The Respondent does not challenge that some of the legal expenses (albeit the amount is uncertain) may have been expended for the purpose of protecting his reputation. However, the Respondent's position is that the reputation of a professional is an asset upon which his fees are based and expenses to preserve and protect this asset are for the purpose of preserving a capital asset. Accordingly, the deduction of legal fees is prohibited by paragraph 18(1)(b) of the Act.[13] In my view, the Respondent's position is correct in law.

[17] For the foregoing reasons, I have concluded that the Appellant is not entitled to deduct the legal expenses in issue.

[18] One further comment is warranted. The Appellant produced and reviewed a number of invoices regarding the expenses incurred.[14] It soon became apparent that not all of the expenditures could be directly related to the Appellant's "enforcement of his rights to property". By way of example there were several accounts which related to what might generically be referred to as tax matters.
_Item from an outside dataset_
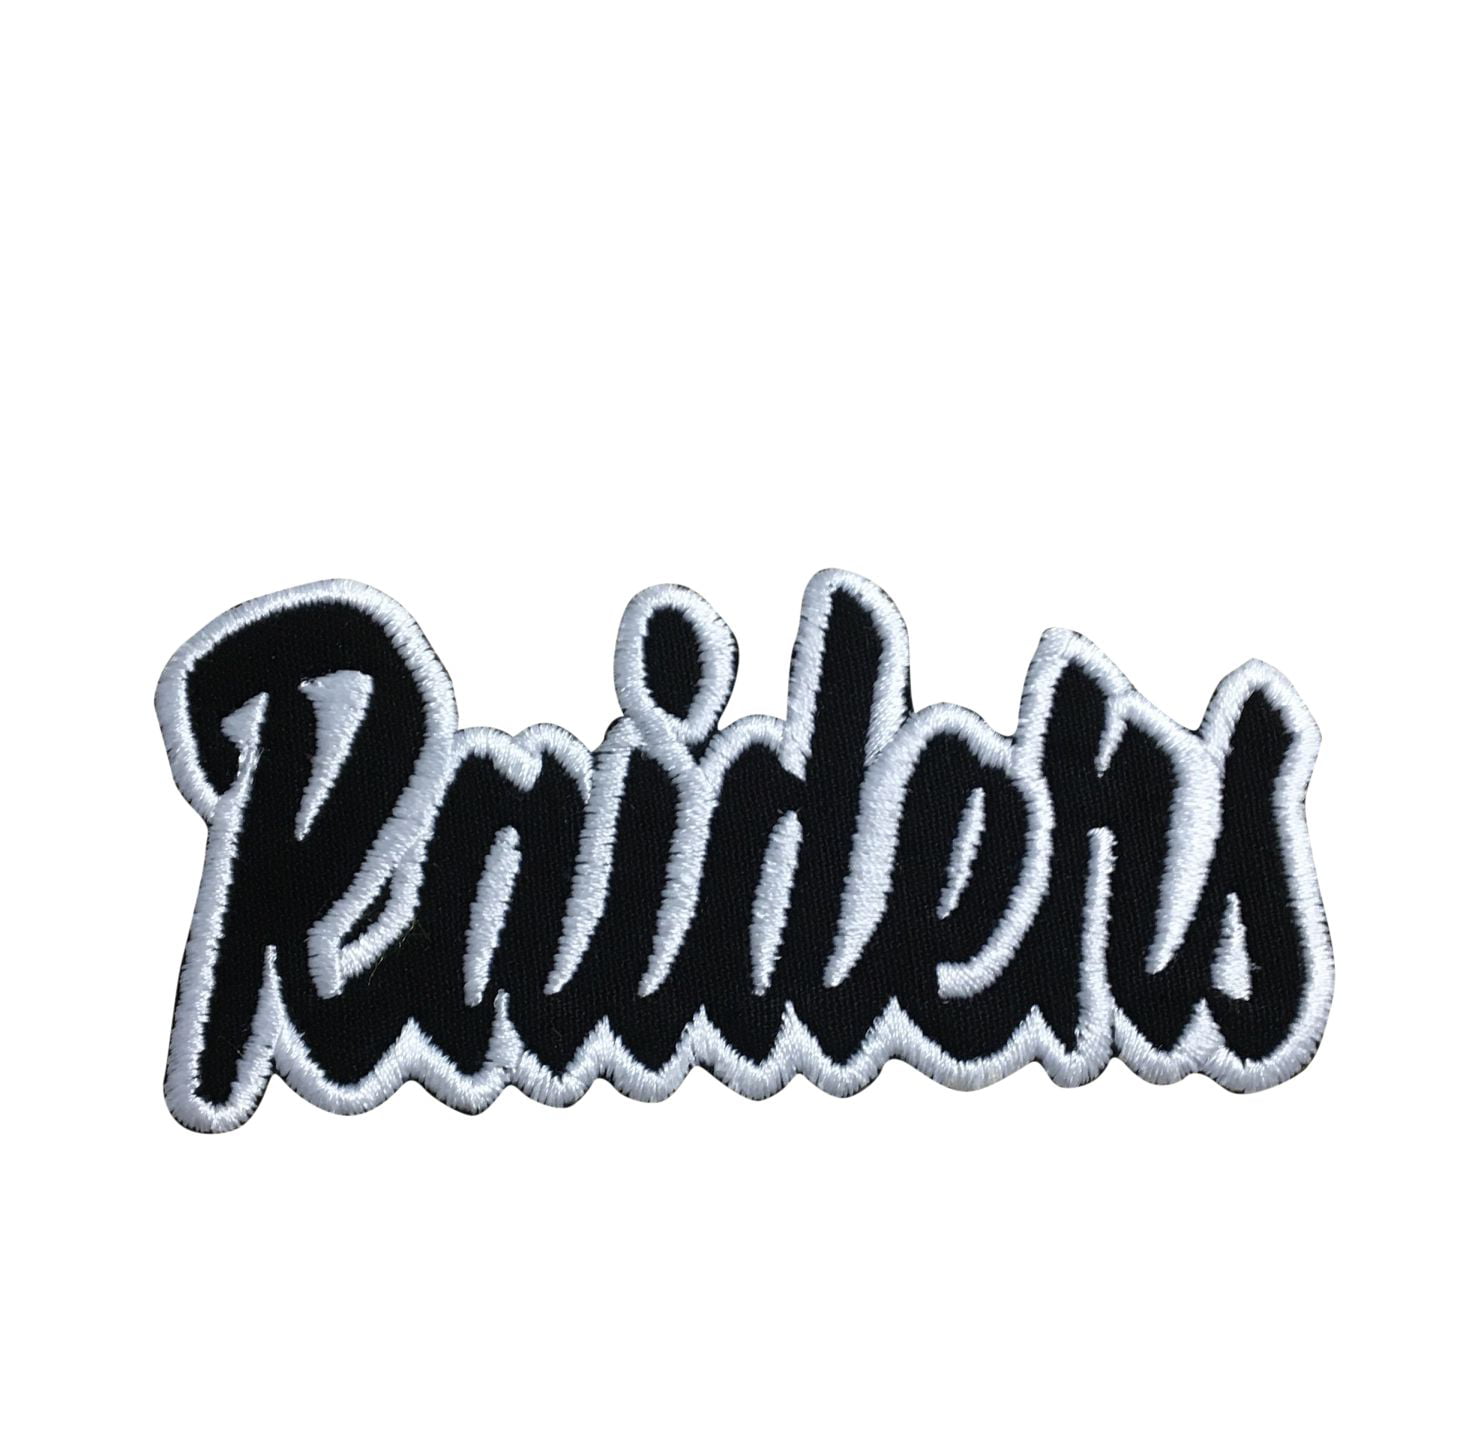 VINTAGE IRON ON EMBROIDED PATCH OAKLAND RAIDERS 3"Round  A1 QUALITY 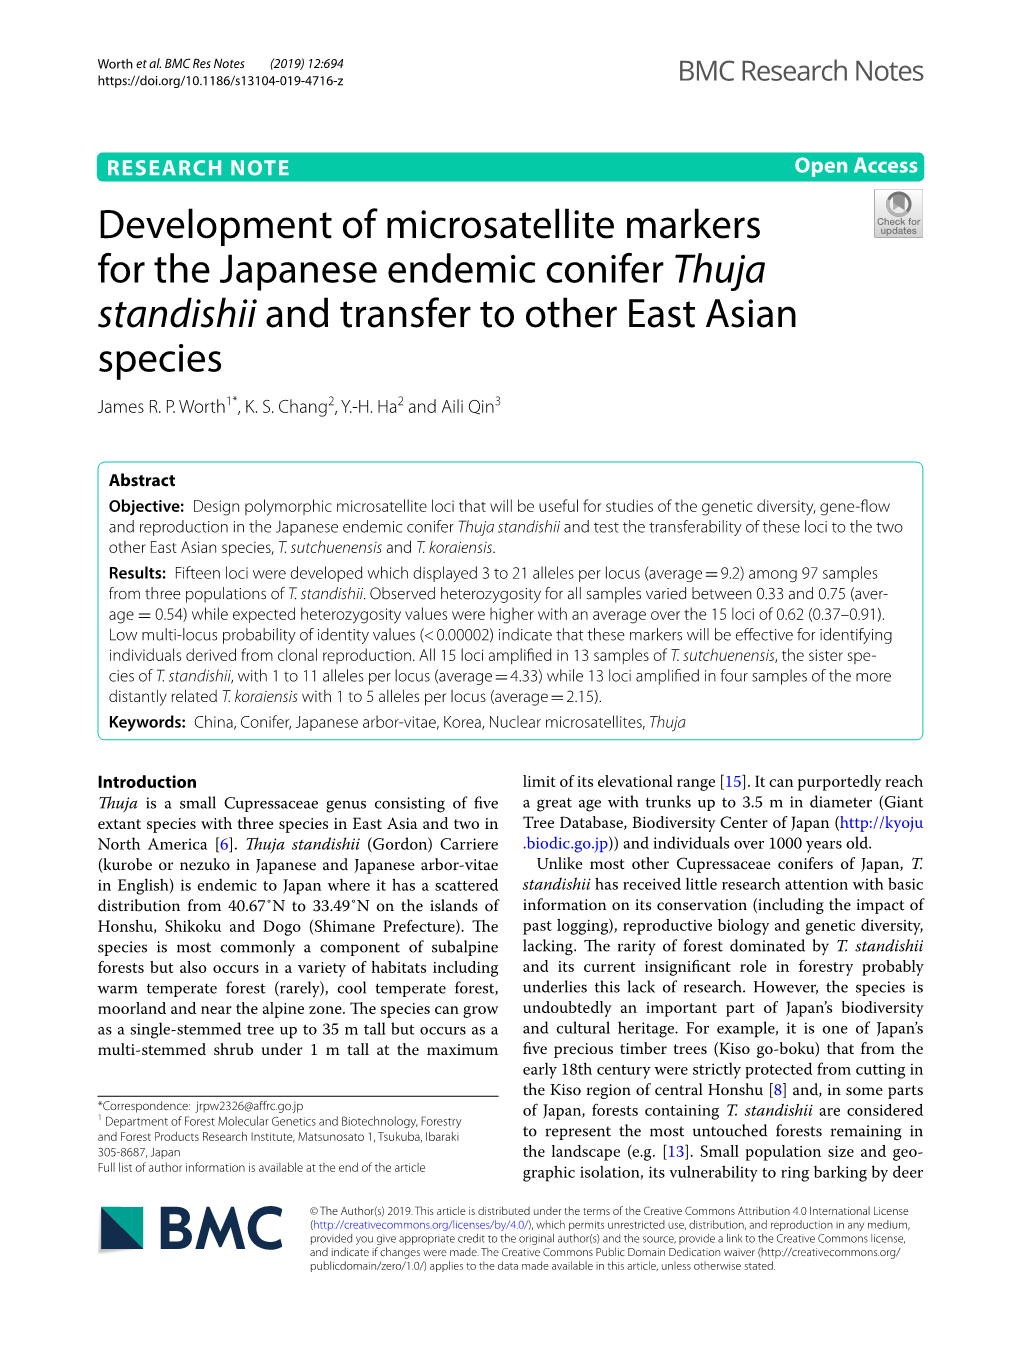 Development of Microsatellite Markers for the Japanese Endemic Conifer Thuja Standishii and Transfer to Other East Asian Species James R

However, the fact is that while the Orders required the Appellant to pay certain taxes on behalf of his former spouse the parties were never able to agree as to the correct method of calculating that tax. This resulted in appearances before Walsh J. and the appointment of an arbitrator. Clearly a substantial part of these costs cannot be directly related to the Appellant's attempts to "enforce his rights" vis-à-vis the "overpayment of tax". Other accounts relate to the mortgage action which, when one reads the reasons of Boland J., appears to involve issues other than the recovery of amounts arising out of Richelle's alleged failure to pay the mortgage; to legal expenses incurred in defending himself in a lawsuit commenced by VISA against him and his former spouse; and last, responding to a complaint to the Law Society made against the Appellant's counsel by his former spouse. How the latter relates to a "right" was not evident. Unfortunately, this aspect of the matter was not fully addressed by either the Appellant or by counsel for the Respondent and had I ruled otherwise with respect to the deductibility of the expenses further submissions would have been called for.

[19] The appeals are dismissed, with costs.

Signed at Ottawa, Canada, this 1st day of May, 2000.

"A.A. Sarchuk"

J.T.C.C.



[1]               Exhibit A-1, tab 1.

[2]               Exhibit A-1, tab 3; Reasons for Judgment - Exhibit A-1, tab 2.

[3]               Exhibit A-1, tab 1, paragraph 3 and tab 3, paragraph 17.

[4]               Exhibit A-2, tab 14 - Reasons for Judgment of Boland J. dated February 20, 1996; Supplementary Reasons of Boland J. dated December 1, 1997 and March 5, 1999.

[5]               Exhibit A-4, tabs 14 and 15.

[6]         248(1) In this Act

“property” means property of any kind whatever whether real or personal or corporeal or incorporeal and, without restricting the generality of the foregoing, includes

(a)         a right of any kind whatever, a share or a chose in action,

                                ...

[7]                65302 British Columbia Ltd. v. Canada, 99 DTC 5799 (S.C.C.).

[8]               Upenieks v. The Queen et al, [1993] 2 C.T.C. 2386 (T.C.C.), aff'd. 94 DTC 6656 (F.C.A.).

[9]               Symes v. Canada, [1993] 4 S.C.R. 695, at pp. 722-23.

[10]             82 DTC 1082 at 1083.

[11]             I include in this reference all support payments such as taxes, mortgages, children's expenses, etc.

[12]             94 DTC 6001 at 6015 (S.C.C.).

[13]             See Upenieks v. The Queen, et al, supra.

[14]             Exhibit A-3, tab A.